*PROMPT*.
All of the data that follows is to be printed exactly, without pictures.

*PROVIDED MATERIAL*.
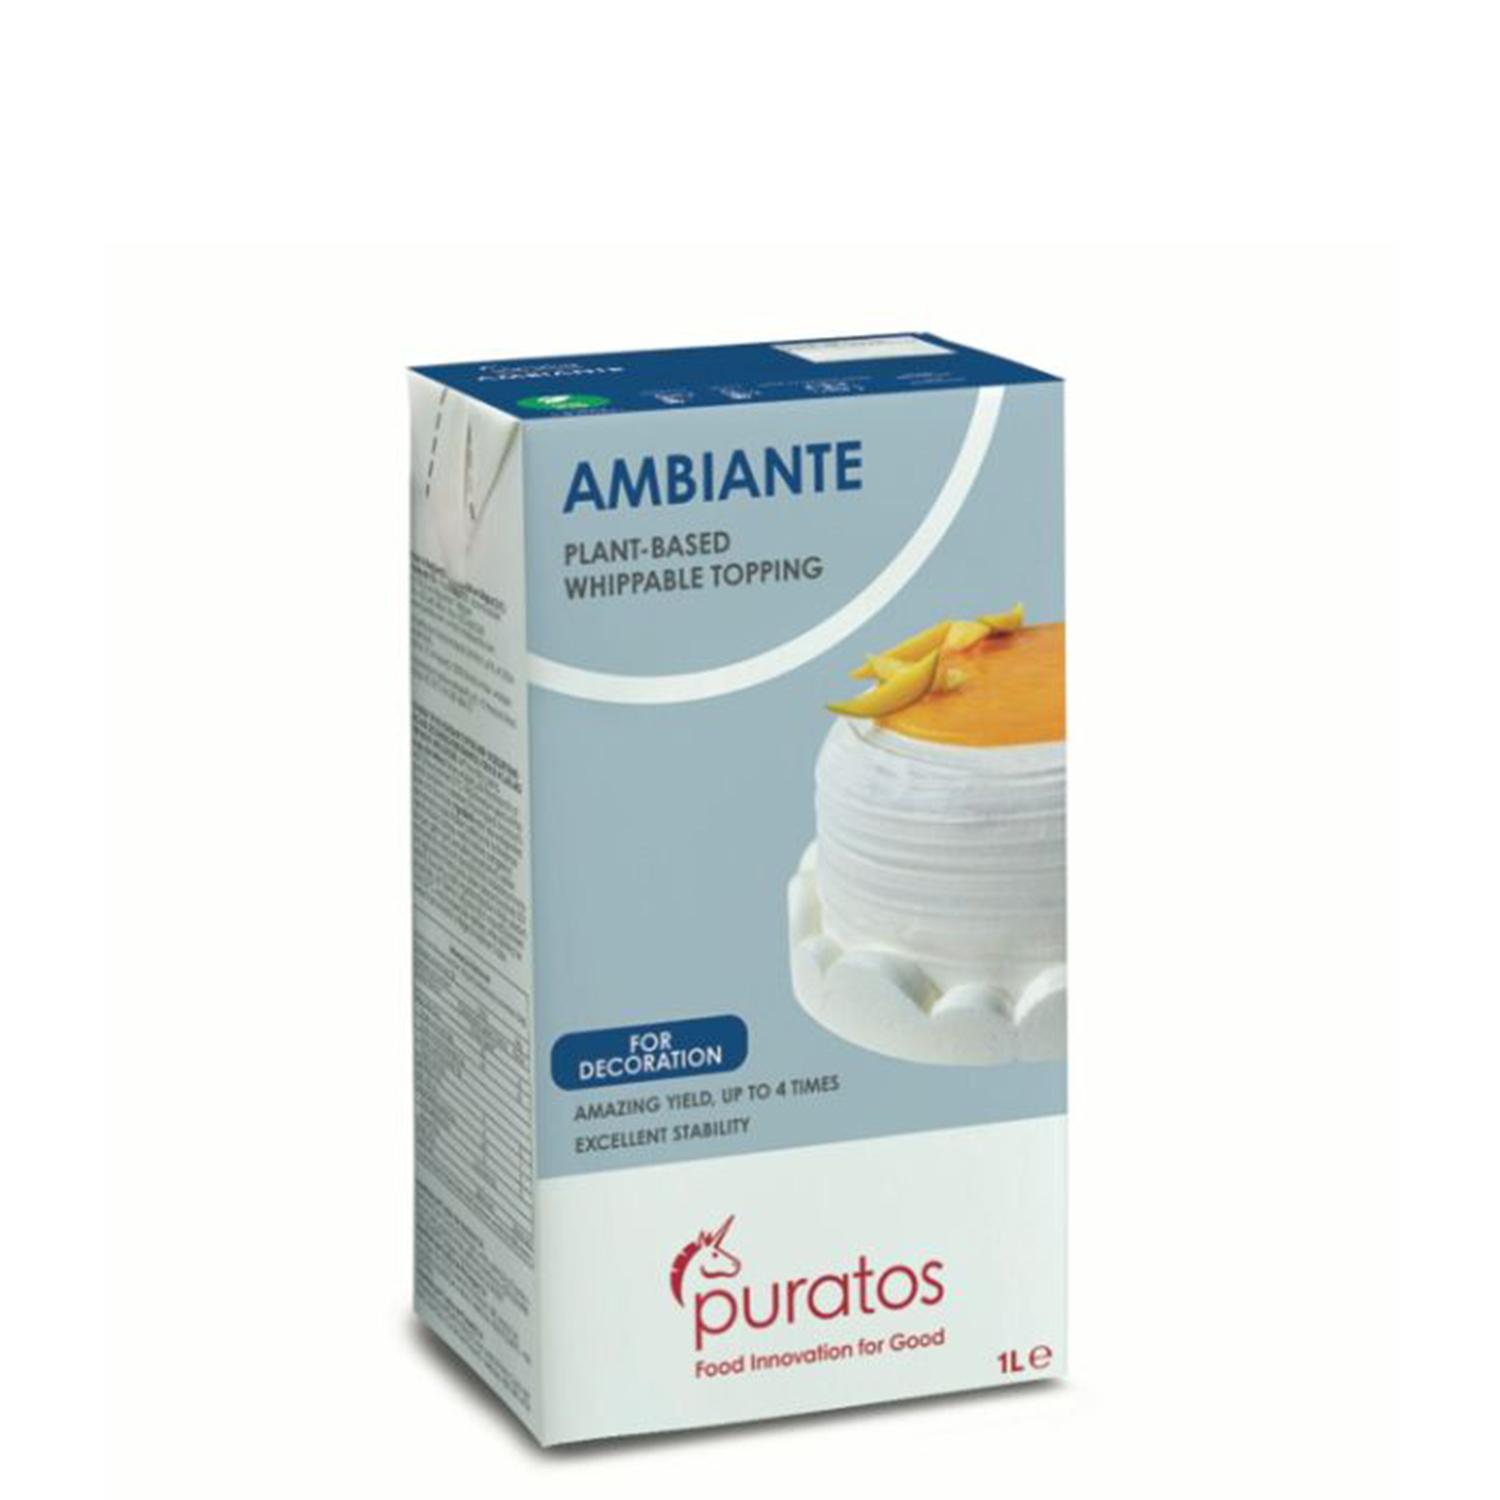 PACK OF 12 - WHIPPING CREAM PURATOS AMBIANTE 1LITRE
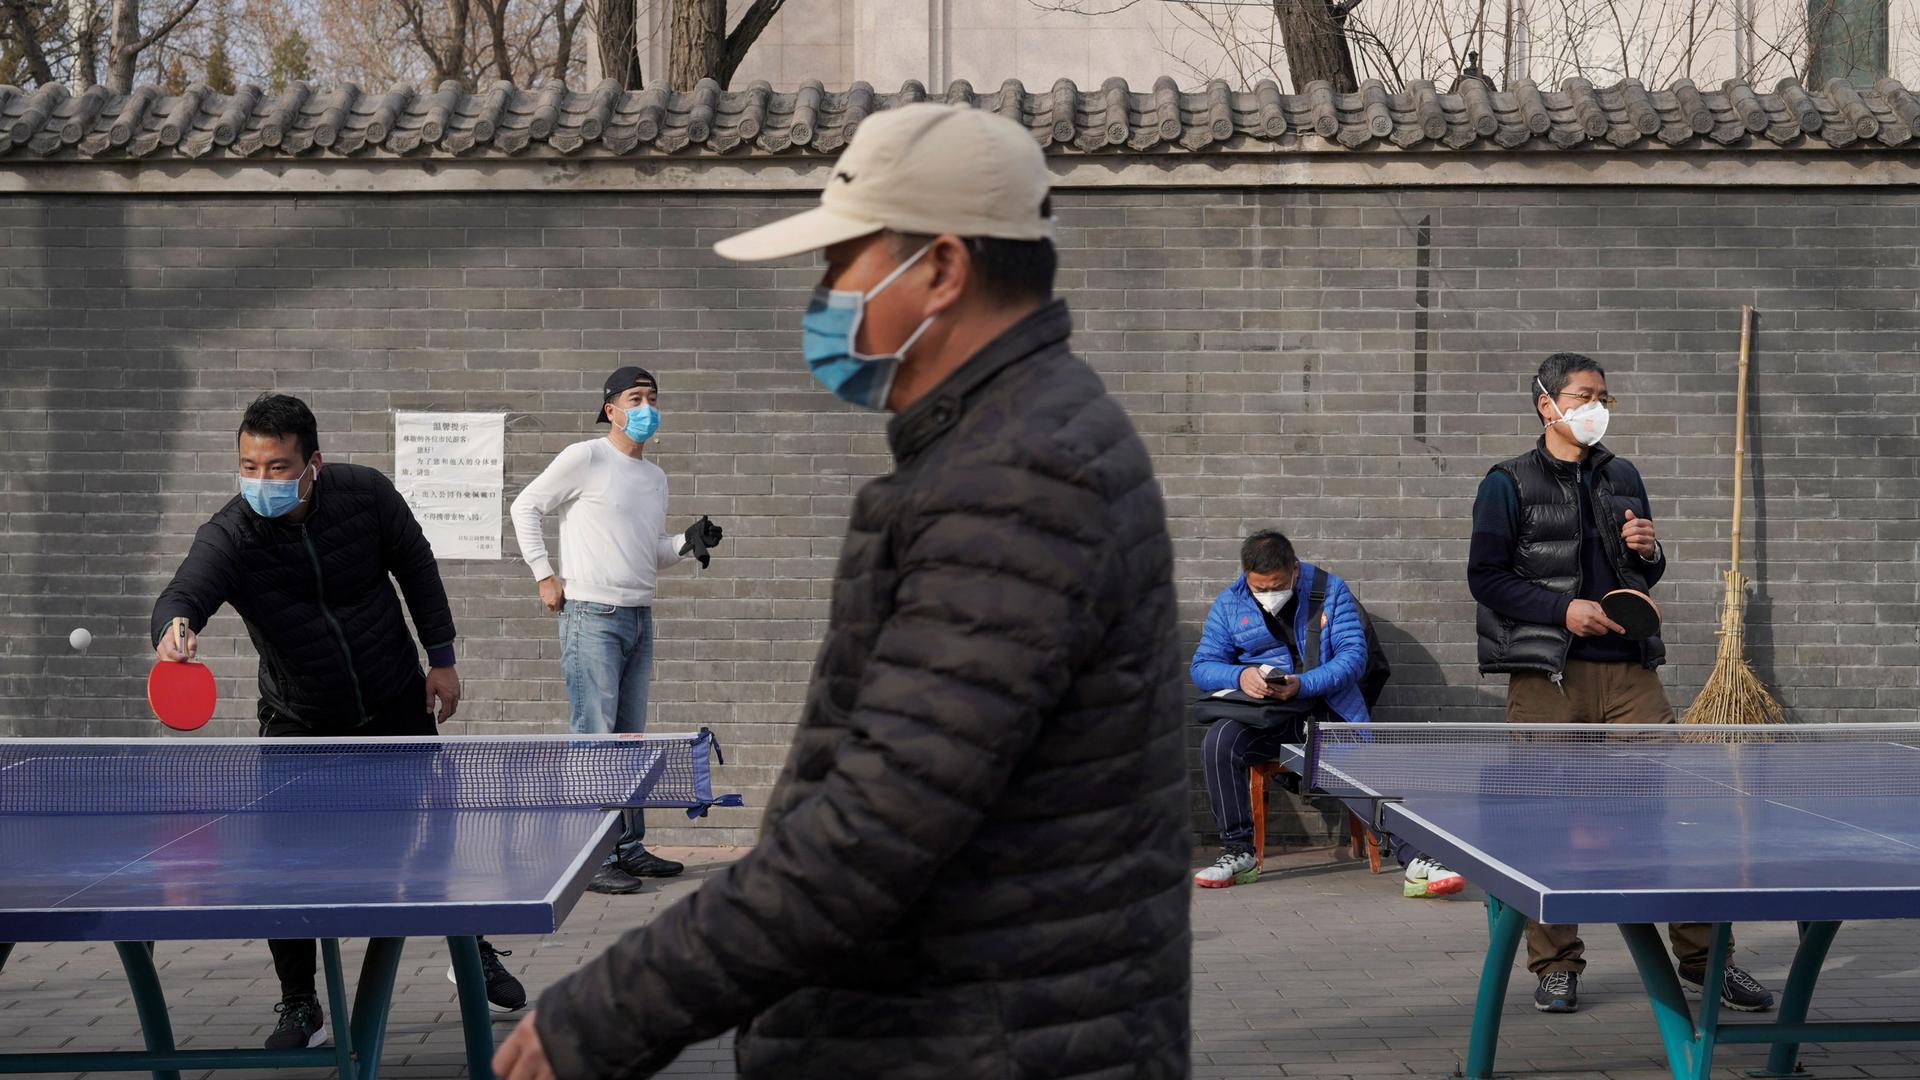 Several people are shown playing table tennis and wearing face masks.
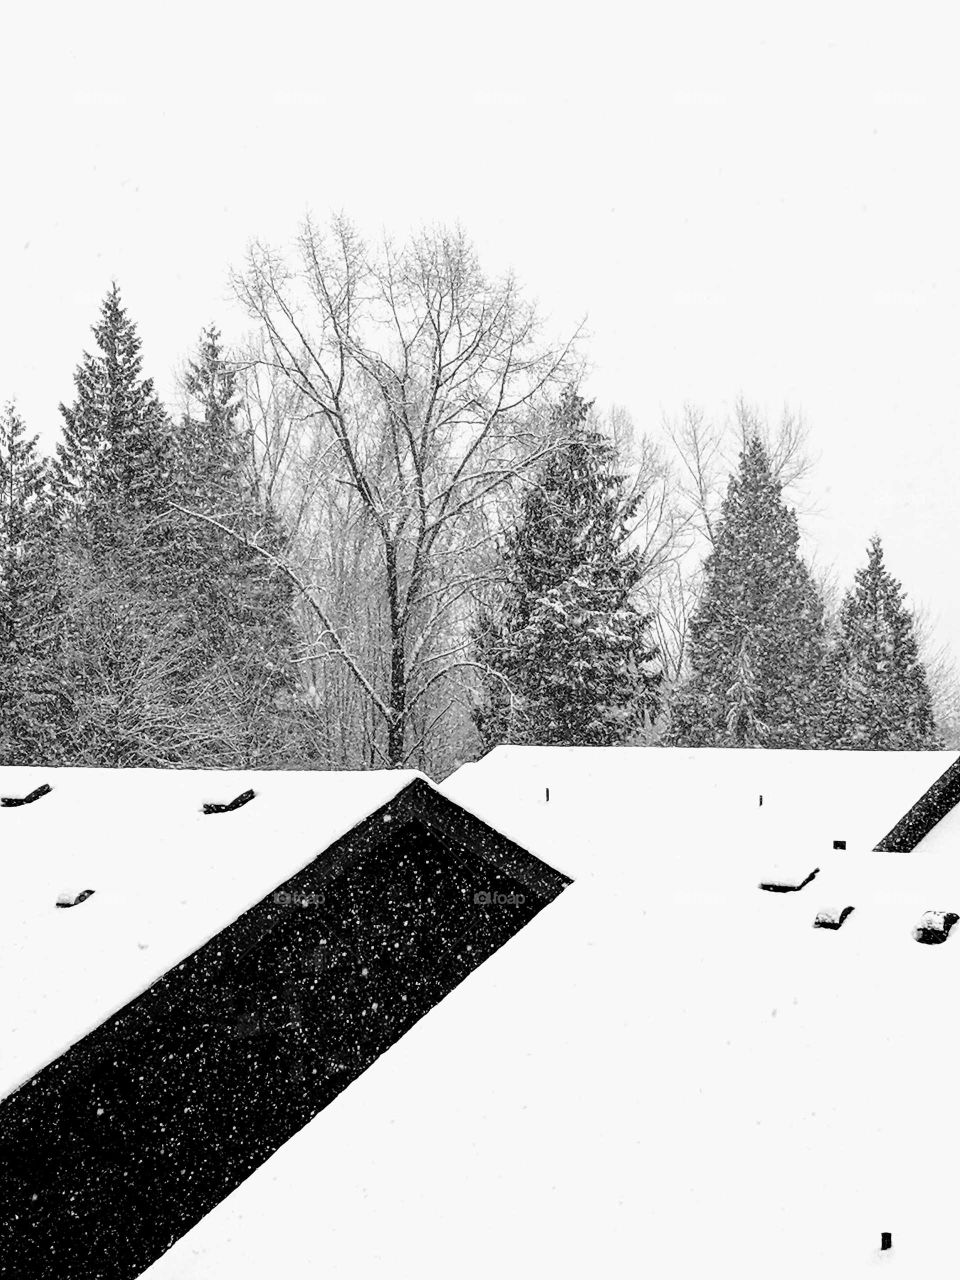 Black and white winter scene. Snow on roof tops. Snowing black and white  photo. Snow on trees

*FINISHED EXERCISE*.
 PACK OF 12 - WHIPPING CREAM PURATOS AMBIANTE 1LITRE
 Several people are shown playing table tennis and wearing face masks.
 Black and white winter scene. Snow on roof tops. Snowing black and white  photo. Snow on trees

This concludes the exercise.